The book describes in considerable detail the intensity of the air combat the Kenley Wing experienced over France, as well as the standards the RAF had for assessing victory claims by its fighter pilots. What became increasingly evident is that there was a lot of overclaiming on the part of RAF Fighter Command during 1941. Much more so than had been the case during the Battle of Britain. This couldn't always be helped because air combat is a life-and-death affair, carried out by fast moving fighters --- requiring constant alertness on the part of the individual fighter pilot --- fought in three dimensions. One wrong move --- sometimes measured in seconds --- could mean nursing a badly crippled Spitfire across the Channel to Britain, riding a flaming aircraft to either a watery death in the Channel or a fiery crash inland, or being shot down and forced to bail out over France. The latter for an RAF fighter pilot usually meant becoming a prisoner of war or evading capture and - with the help of the Resistance - getting to Southern France and across the Pyrenees Mountains to neutral Spain and a sure passage back to Britain and the war.

 

It also became clear from reading this book that while the RAF was able to provide a widening pool of trained fighter pilots (the EATS or Empire Air Training Scheme was crucial in this regard in which large numbers of RAF aviation cadets received their training in Canada) to replace its losses in France during 1941, it had not given most of its pilots much (if any) gunnery training.

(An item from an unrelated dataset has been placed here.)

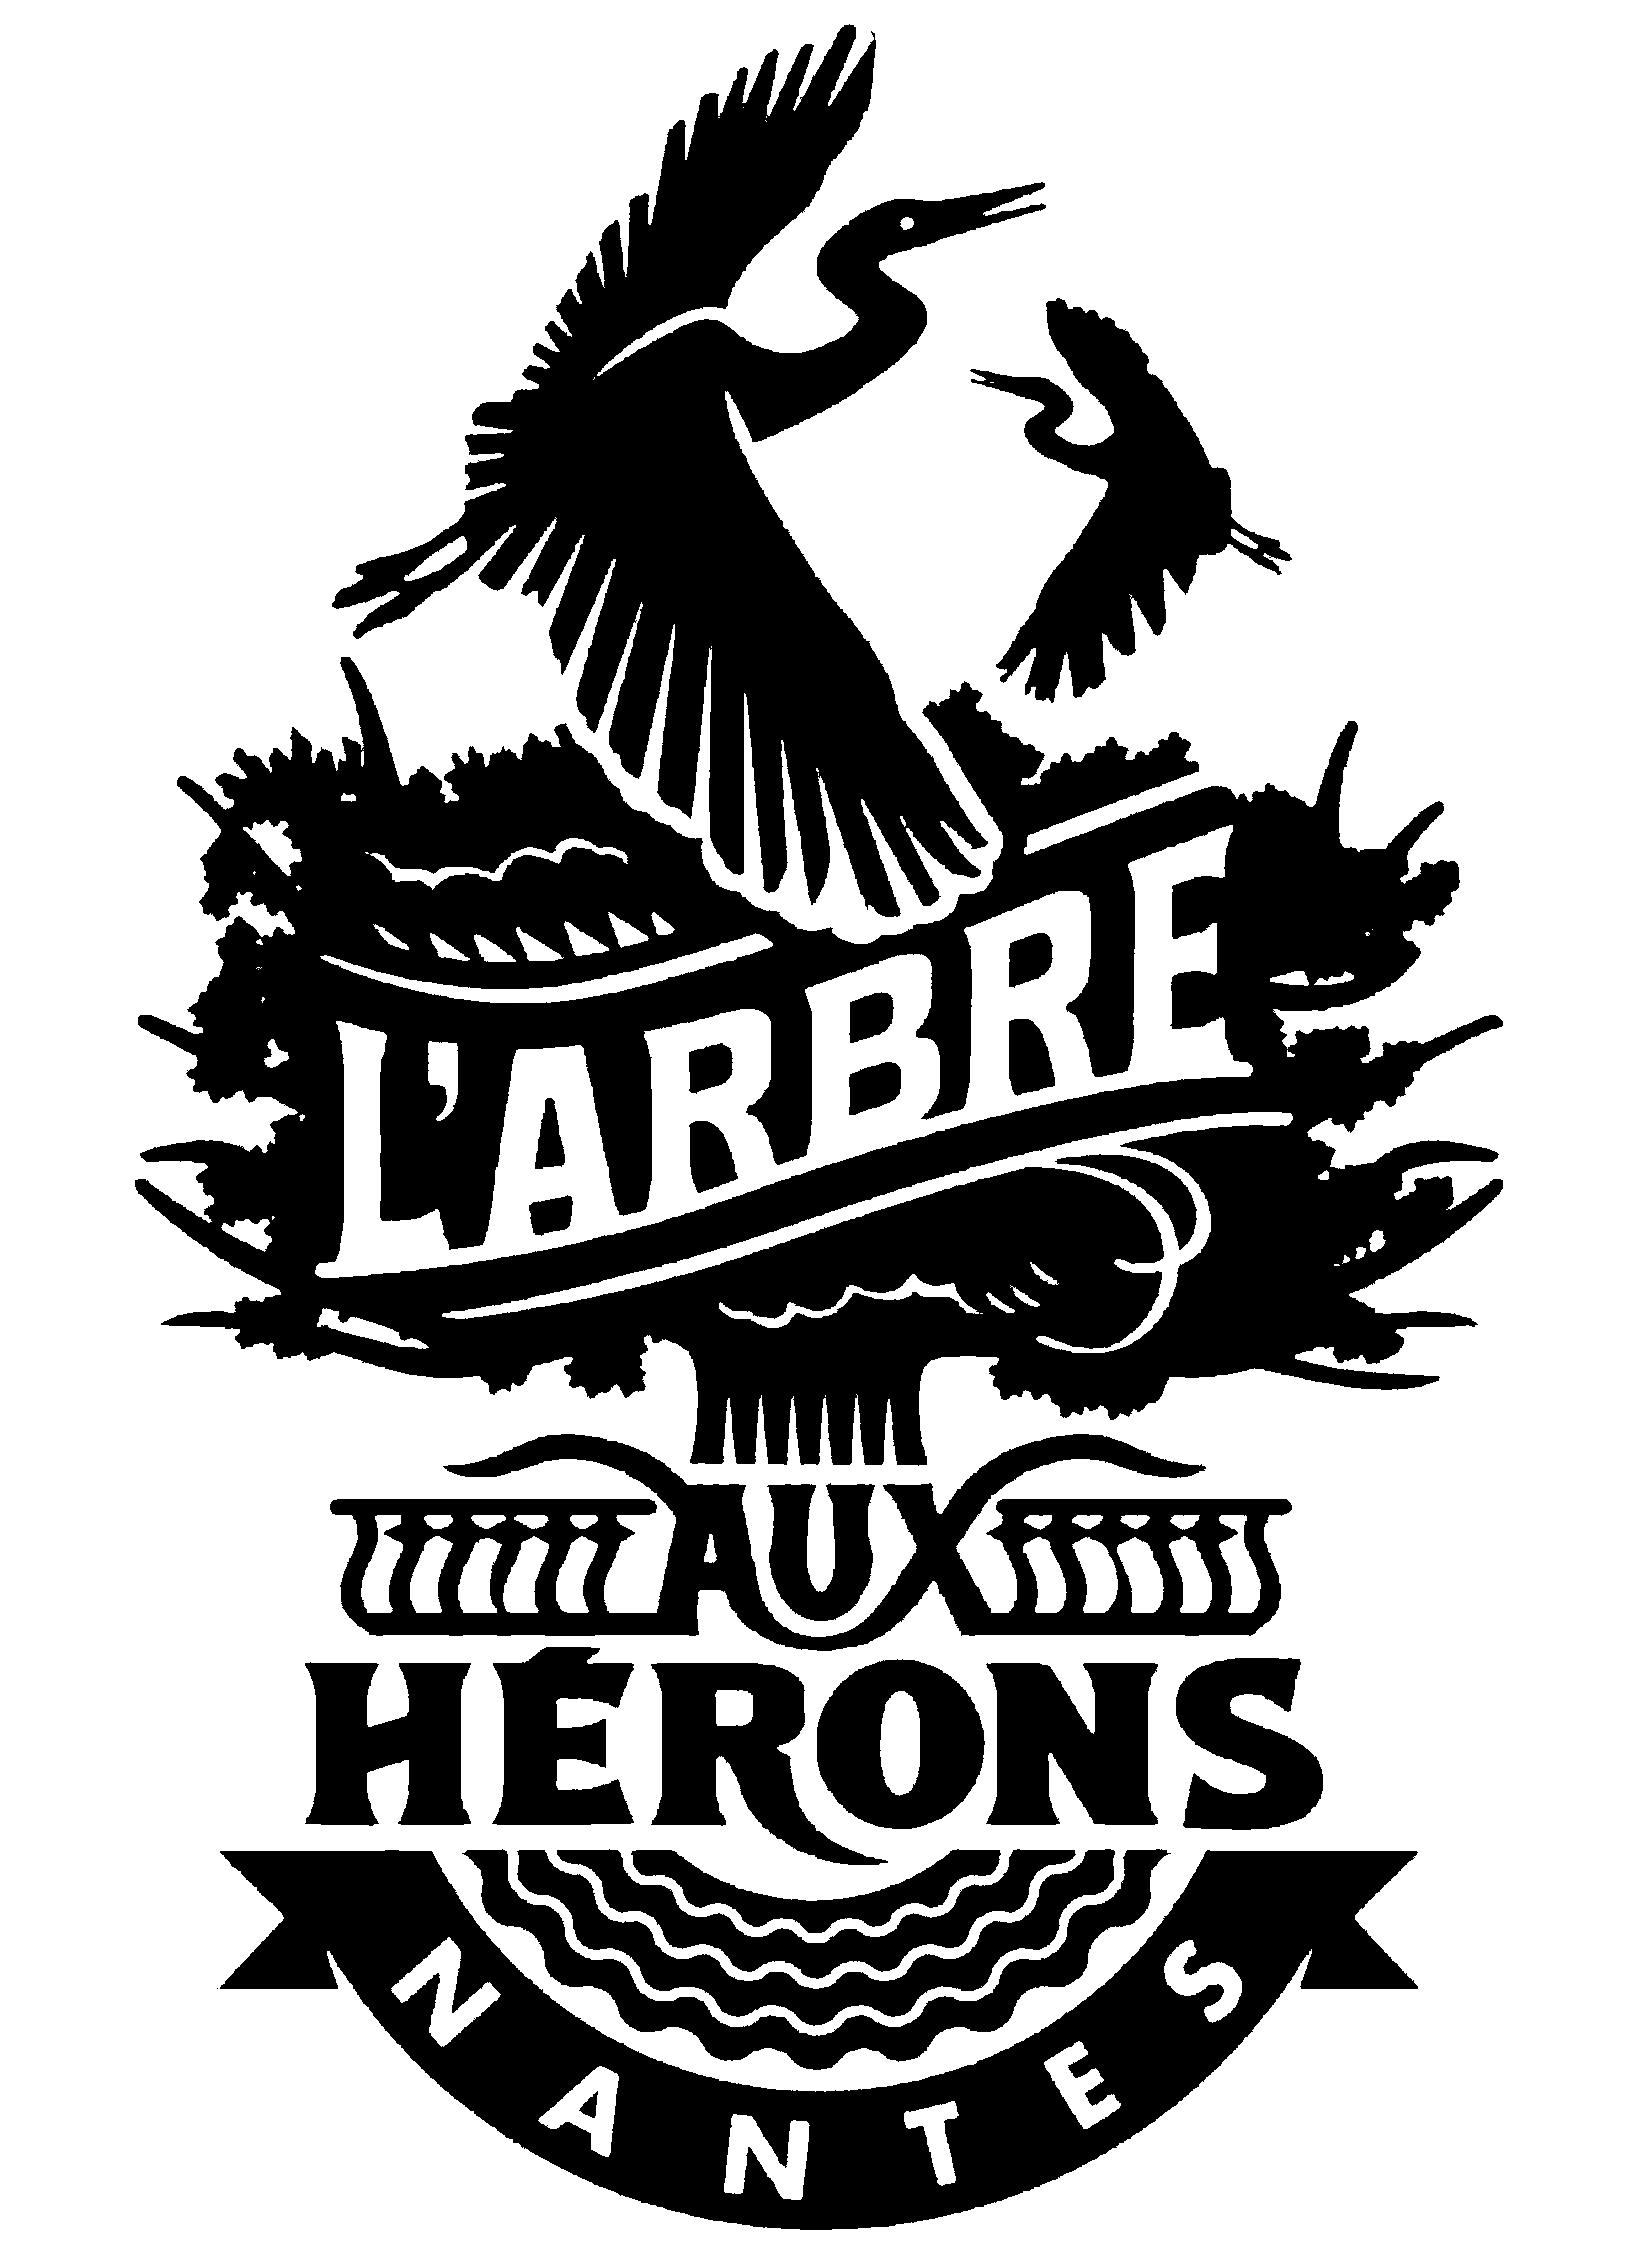 logo-arbre-heron-nantes-nb

Lacking this vital skill was, along with aircraft mis-identication, another key reason behind overclaiming kills in air combat. Indeed, "... the root of the overclaiming problem seems to have lain in the tendency of some pilots to make forced links between purported cause and effect, in the context of an overstimulated combat environment where in fact no-one could see it all, and where many pilots did not see much at all - or anything at all. Despite this uncertainty principle, some pilots repeatedly drew definite causal links between, on the one hand, their gunnery attacks upon fleeting targets' and on the other, subsequent fleeting impressions of flashes, smoke, splashes, hunts, and dives. These putative causative connections were too often accepted by the intelligence officers at squadron, wing, and group level who assessed and confirmed the claims, and too often by the squadron COs, wing leaders, station commanders, senior air staff officers, and air officers commanding who signed off on the paperwork before sending it up to the next level of command. Moreover, all of these officers permitted such claims to be confirmed despite the lack of corroboration --- sometimes pilot claims were supported by reported sightings from other pilots, but they were also routinely accepted on the claimant's testimony alone."

 

I developed a deeper appreciation for the pilots of RAF Fighter Command from reading "PADDY FINUCANE AND THE LEGEND OF THE KENLEY WING."  It's an inspiring account into how these men, through sheer determination, skill, guts, and dedication to duty, helped pave the way to eventual Allied victory in May 1945.